Maknanya: Yaitu menghilangkan najis atau menguranginya dari tempat keluar air kencing atau tinja2. Diambil dari kata an-Najaa’ yang berarti keselamatan dari kotoran/gangguan, atau an-Najwah: yaitu tempat yang tinggi dari tanah, atau an-Najwu: yaitu kotoran, yakni apa yang keluar dari dubur.

Dinamakan demikian secara syariat, karena orang yang beristinja‘ mencari keselamatan dari kotoran/gangguan dan berusaha menghilangkannya dari dirinya, dan seringkali ia berlindung di balik tempat yang tinggi dari tanah atau sejenisnya untuk melakukannya.

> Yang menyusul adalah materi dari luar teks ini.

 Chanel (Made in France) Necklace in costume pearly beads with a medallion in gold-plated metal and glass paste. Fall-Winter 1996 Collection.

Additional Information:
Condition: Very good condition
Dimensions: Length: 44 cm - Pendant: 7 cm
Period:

Baca juga: Hikmah Thaharah dalam Islam: Membersihkan Diri untuk Dunia dan Akhirat

Hukumnya: Dan hukum istinja adalah wajib. Dalil mengenai hal ini akan datang selama pembahasan, yaitu sabda Rasulullah shallallahu ‘alaihi wa sallam3.

Arti Istinja Menurut Bahasa

Untuk memahami Arti Istinja, kita bisa melihat asal katanya dalam bahasa Arab. Seperti yang disebutkan dalam kutipan Fiqh Manhaji di atas, kata istinja’ berakar dari beberapa kata yang memberi gambaran tentang praktik ini:

Dari Kata “An-Najaa'” (النجاء)

Istinja menurut bahasa artinya bisa berasal dari kata an-Najaa’ yang berarti “keselamatan” atau “kebebasan dari gangguan/kotoran”. Makna ini sangat relevan karena Istinja adalah tindakan untuk membebaskan diri dari najis yang mengganggu kesucian dan kenyamanan. Saat kita bersuci setelah buang air, kita sedang mencari keselamatan dari najis.

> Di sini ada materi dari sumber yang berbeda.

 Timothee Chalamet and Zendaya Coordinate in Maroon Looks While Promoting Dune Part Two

Dari Kata “An-Najwah” (النجوة)

Kata an-Najwah berarti “tempat yang tinggi dari tanah”. Dahulu, sebelum adanya fasilitas toilet modern, orang sering mencari tempat yang agak tinggi atau tersembunyi untuk buang hajat demi menjaga adab dan kebersihan. Nama istinja’ juga dikaitkan dengan tindakan mencari tempat yang privat ini sebelum membersihkan setelah buang air besar atau membersihkan setelah buang air kecil.

Dari Kata “An-Najwu” (النجو)

Kata an-Najwu secara spesifik berarti “kotoran” atau “apa yang keluar dari dubur”. Asal kata ini langsung merujuk pada objek yang dibersihkan dalam praktik istinja’. Jadi, istinja artinya membersihkan kotoran setelah buang air.

Definisi Istinja Menurut Syariat Islam

Dalam terminologi fiqih, Definisi Istinja lebih spesifik. Istinja adalah tindakan membersihkan najis yang keluar dari dua jalan (lubang) pembuangan, yaitu qubul (kemaluan) dan dubur (anus). Ini mencakup membersihkan organ intim dari sisa-sisa air kencing (najis qubul) dan tinja (najis dubur).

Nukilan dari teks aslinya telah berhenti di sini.